_Task details_
Look through the material below. Return exactly the lines from the one with "1977 Yamaha GT50" through the one with "Business Banker Resume", both included.

= = = = =

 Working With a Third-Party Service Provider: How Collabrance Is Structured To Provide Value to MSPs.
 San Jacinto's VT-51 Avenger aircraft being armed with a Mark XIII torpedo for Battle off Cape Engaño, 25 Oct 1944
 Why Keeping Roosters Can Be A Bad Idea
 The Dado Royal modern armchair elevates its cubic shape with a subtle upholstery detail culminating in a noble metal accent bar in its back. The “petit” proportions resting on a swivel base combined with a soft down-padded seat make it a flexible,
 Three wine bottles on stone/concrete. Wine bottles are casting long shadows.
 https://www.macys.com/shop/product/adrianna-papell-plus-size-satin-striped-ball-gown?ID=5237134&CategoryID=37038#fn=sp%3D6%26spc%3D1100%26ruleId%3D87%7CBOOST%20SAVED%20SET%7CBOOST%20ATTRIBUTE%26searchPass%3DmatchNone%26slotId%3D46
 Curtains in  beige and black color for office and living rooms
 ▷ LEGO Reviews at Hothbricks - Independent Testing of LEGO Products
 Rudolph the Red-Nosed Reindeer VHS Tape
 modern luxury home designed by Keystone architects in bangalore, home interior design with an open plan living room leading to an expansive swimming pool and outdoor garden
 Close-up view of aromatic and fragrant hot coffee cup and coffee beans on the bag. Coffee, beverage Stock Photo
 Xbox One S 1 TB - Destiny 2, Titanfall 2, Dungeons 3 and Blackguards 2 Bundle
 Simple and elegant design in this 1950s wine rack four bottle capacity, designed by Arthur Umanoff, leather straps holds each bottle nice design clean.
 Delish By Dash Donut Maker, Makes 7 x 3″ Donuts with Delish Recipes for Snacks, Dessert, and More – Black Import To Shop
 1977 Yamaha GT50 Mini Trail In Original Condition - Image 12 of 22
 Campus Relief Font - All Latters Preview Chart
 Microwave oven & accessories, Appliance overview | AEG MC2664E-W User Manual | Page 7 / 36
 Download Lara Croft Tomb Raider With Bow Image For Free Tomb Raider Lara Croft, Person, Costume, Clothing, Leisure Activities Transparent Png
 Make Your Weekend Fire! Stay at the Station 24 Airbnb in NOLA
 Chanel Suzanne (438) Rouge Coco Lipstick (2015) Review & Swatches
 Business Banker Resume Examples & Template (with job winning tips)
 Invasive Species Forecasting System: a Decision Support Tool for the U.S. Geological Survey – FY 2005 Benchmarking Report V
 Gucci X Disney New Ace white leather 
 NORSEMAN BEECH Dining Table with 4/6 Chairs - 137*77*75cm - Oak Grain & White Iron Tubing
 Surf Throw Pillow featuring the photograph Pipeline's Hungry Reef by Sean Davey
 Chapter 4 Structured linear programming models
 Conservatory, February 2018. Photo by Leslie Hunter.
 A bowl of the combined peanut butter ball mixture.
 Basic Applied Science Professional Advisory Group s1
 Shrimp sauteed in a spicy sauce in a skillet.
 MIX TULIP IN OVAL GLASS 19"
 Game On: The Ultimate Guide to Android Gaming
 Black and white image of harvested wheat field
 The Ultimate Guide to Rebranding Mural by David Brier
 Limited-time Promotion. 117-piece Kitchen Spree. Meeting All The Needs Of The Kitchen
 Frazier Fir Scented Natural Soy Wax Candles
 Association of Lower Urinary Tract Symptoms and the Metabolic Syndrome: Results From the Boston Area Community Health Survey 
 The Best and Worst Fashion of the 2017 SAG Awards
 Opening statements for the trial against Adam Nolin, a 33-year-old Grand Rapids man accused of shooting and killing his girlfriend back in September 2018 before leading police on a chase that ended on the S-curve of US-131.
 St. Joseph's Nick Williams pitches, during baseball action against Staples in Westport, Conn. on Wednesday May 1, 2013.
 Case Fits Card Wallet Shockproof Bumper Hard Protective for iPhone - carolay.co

= = = = =

_Answer box_
 1977 Yamaha GT50 Mini Trail In Original Condition - Image 12 of 22
 Campus Relief Font - All Latters Preview Chart
 Microwave oven & accessories, Appliance overview | AEG MC2664E-W User Manual | Page 7 / 36
 Download Lara Croft Tomb Raider With Bow Image For Free Tomb Raider Lara Croft, Person, Costume, Clothing, Leisure Activities Transparent Png
 Make Your Weekend Fire! Stay at the Station 24 Airbnb in NOLA
 Chanel Suzanne (438) Rouge Coco Lipstick (2015) Review & Swatches
 Business Banker Resume Examples & Template (with job winning tips)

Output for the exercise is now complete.